Sequence alignment of human ATPase6 showed 77% of similarity to that of bovine’s ATP synthase, and 96% of this sequence was covered without any gaps. For this reason, the structure of bovine’s ATP synthase (PDB ID 5FIL) was used as a template for homology modeling. Five models were generated using MODELLER. A model with the lowest DOPE score was selected for further analysis. The quality of the model was assessed with Ramachandran plot (Figure 1). It is shown that 94.3% of residues were in most favored regions. As many as 4.1% and 0.5% of residues fell into the additional allowed regions and generously allowed regions, respectively. In general, a protein structure with more than 90% residues in allowed region is considered as a good model.¹⁵ It is noted that the mutant model shows similar quality with the wild type, in which more than 90% residues in the allowed region.

Figure 1. — Ramachandran plot of the best ATPase6 model.
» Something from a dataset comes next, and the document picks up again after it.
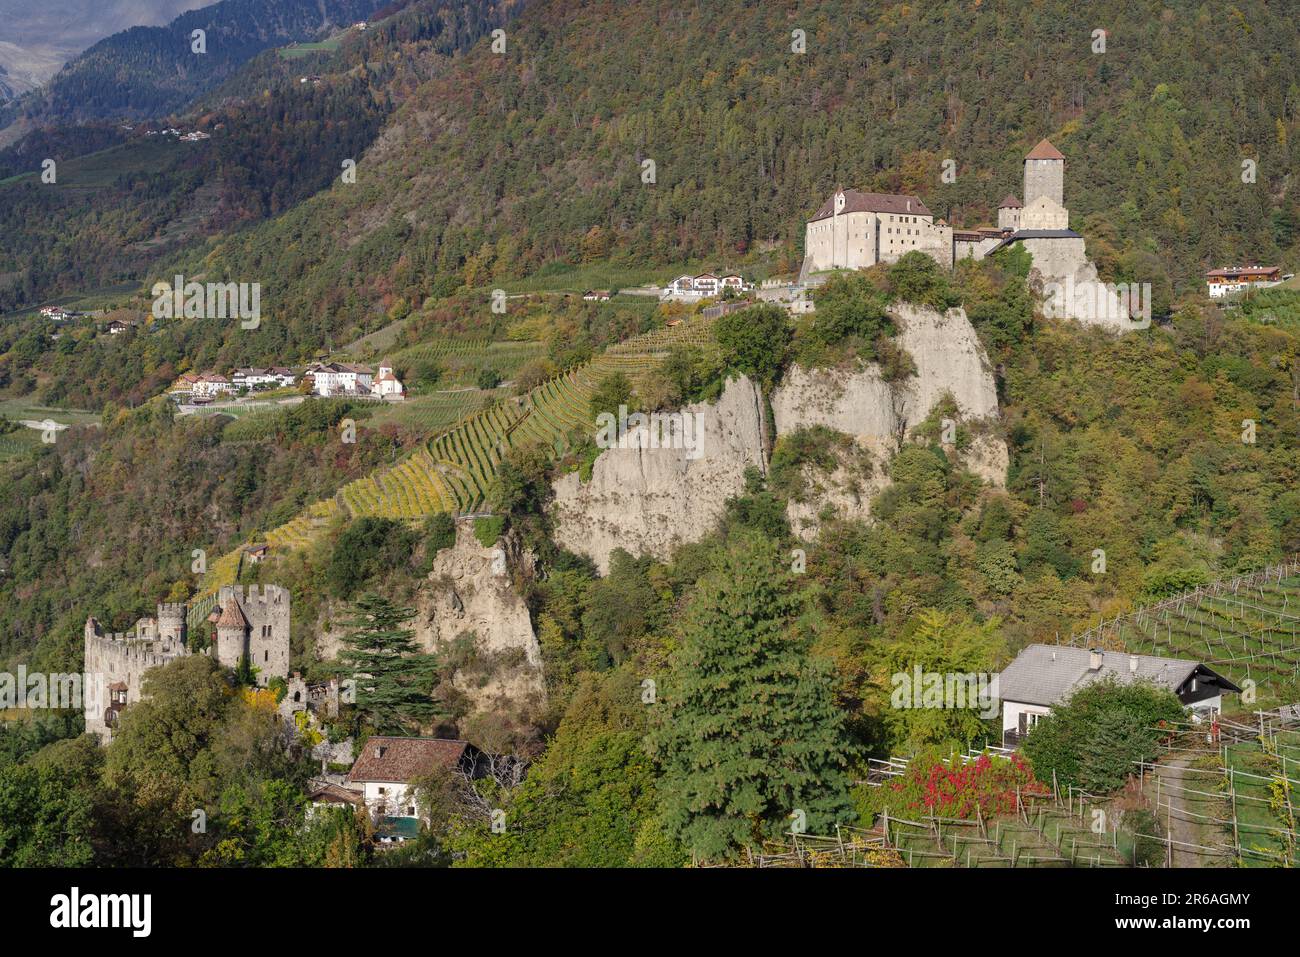 View of Tyrol Castle and Castel Fontana (Brunnenburg castle), Trentino-Alto Adige, Italy Stock Photo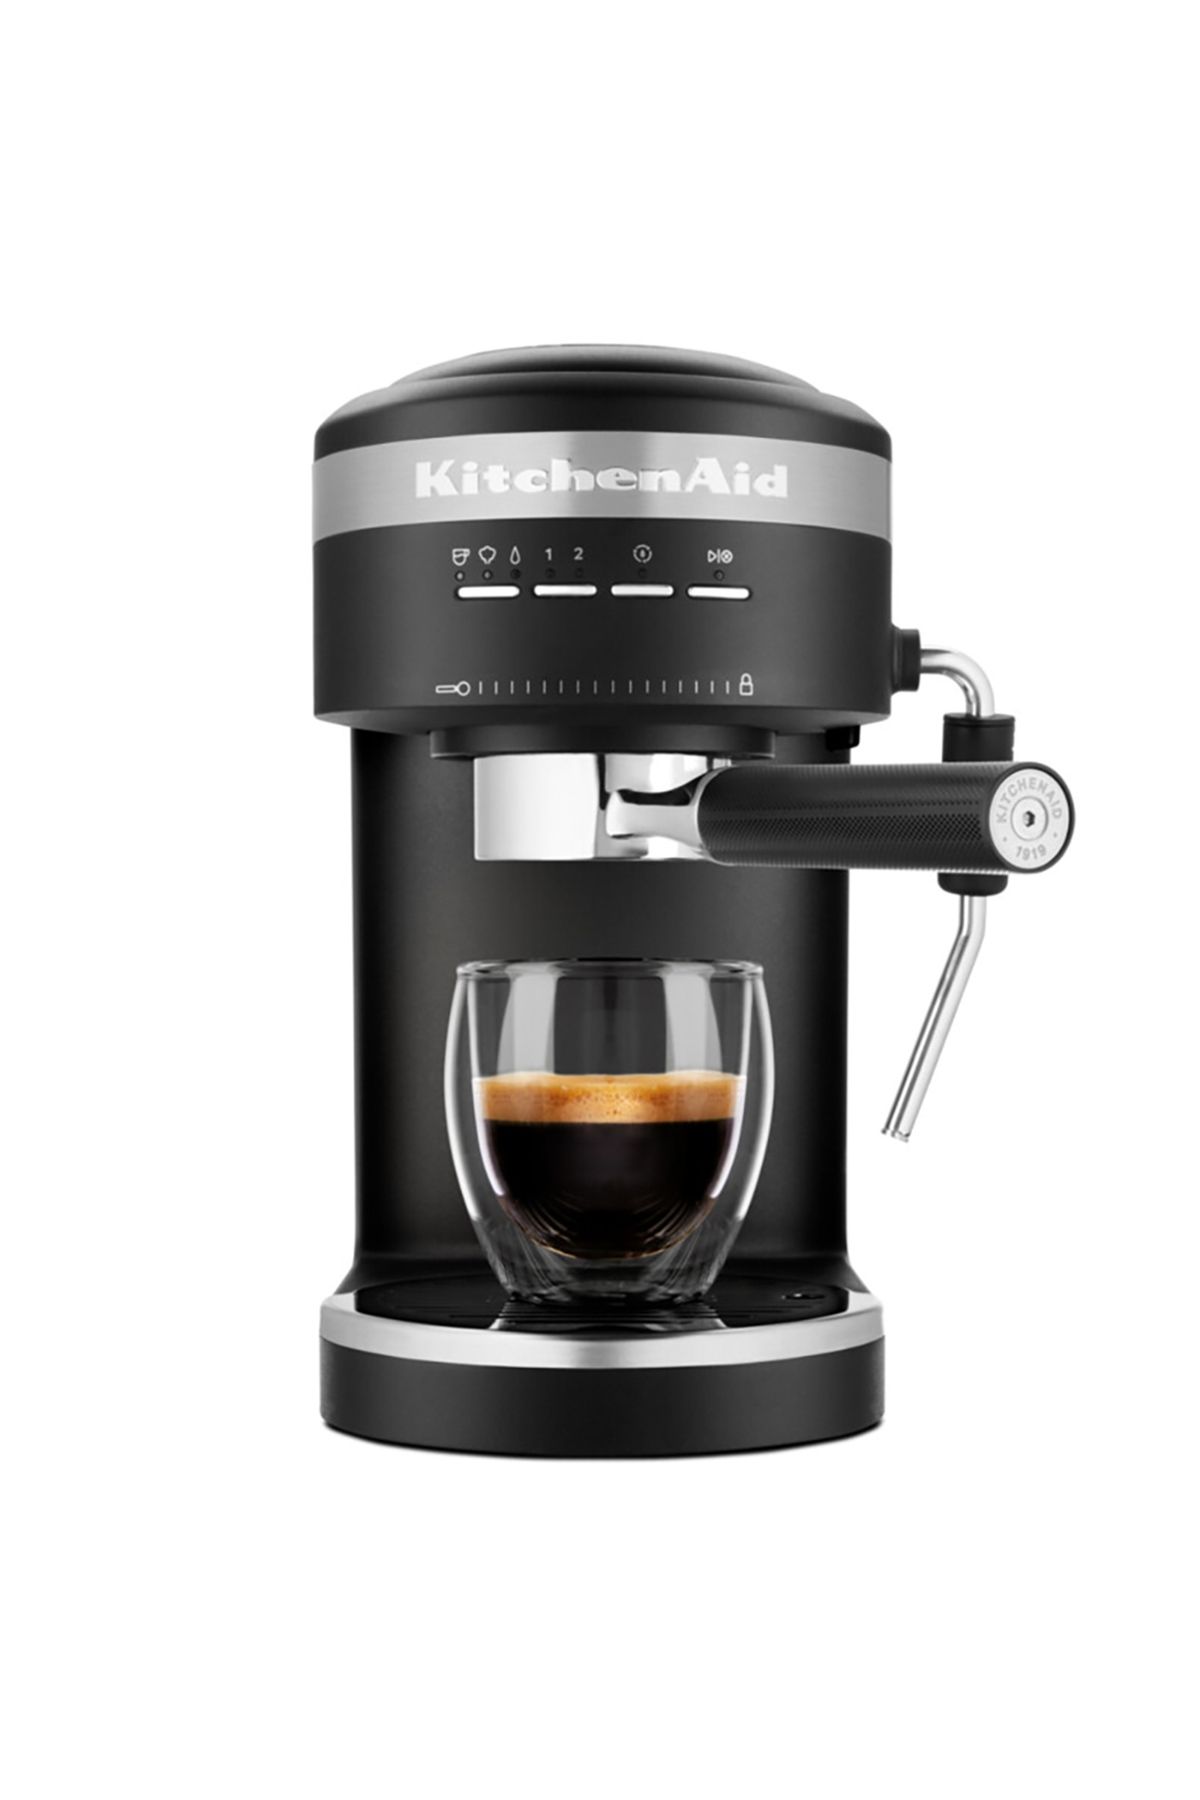 Kitchenaid Espresso Makinesi – 5kes6403

The effects of S167N mutation to the structure of ATPase6 and proton translocation

The mutation of S167N is located at the proton translocation channel (Figure 2), more specifically at the second channel from rotor protein (subunit c) to the cytoplasm, starting from residue R150 toward the direction of position 167. For this reason, S167N mutation is predicted to disrupt the translocation of proton to cytoplasm. In general, the overall structure of ATPase6 in wild type and mutant was similar. Further analysis was conducted to the region around the mutation point. Asparagine has a bulkier side chain as compared with serine in wild type. Therefore, a possible sterical hindrance was predicted. However, due to the positively charged nature of proton, there might be another factor that can influence the proton movement, ie, atomic charge throughout the proton translocation channel. Both the wild-type and mutant structures were submitted to PDB2PQR server to calculate the atomic charge using the continuous implicit solvent model by APBS method.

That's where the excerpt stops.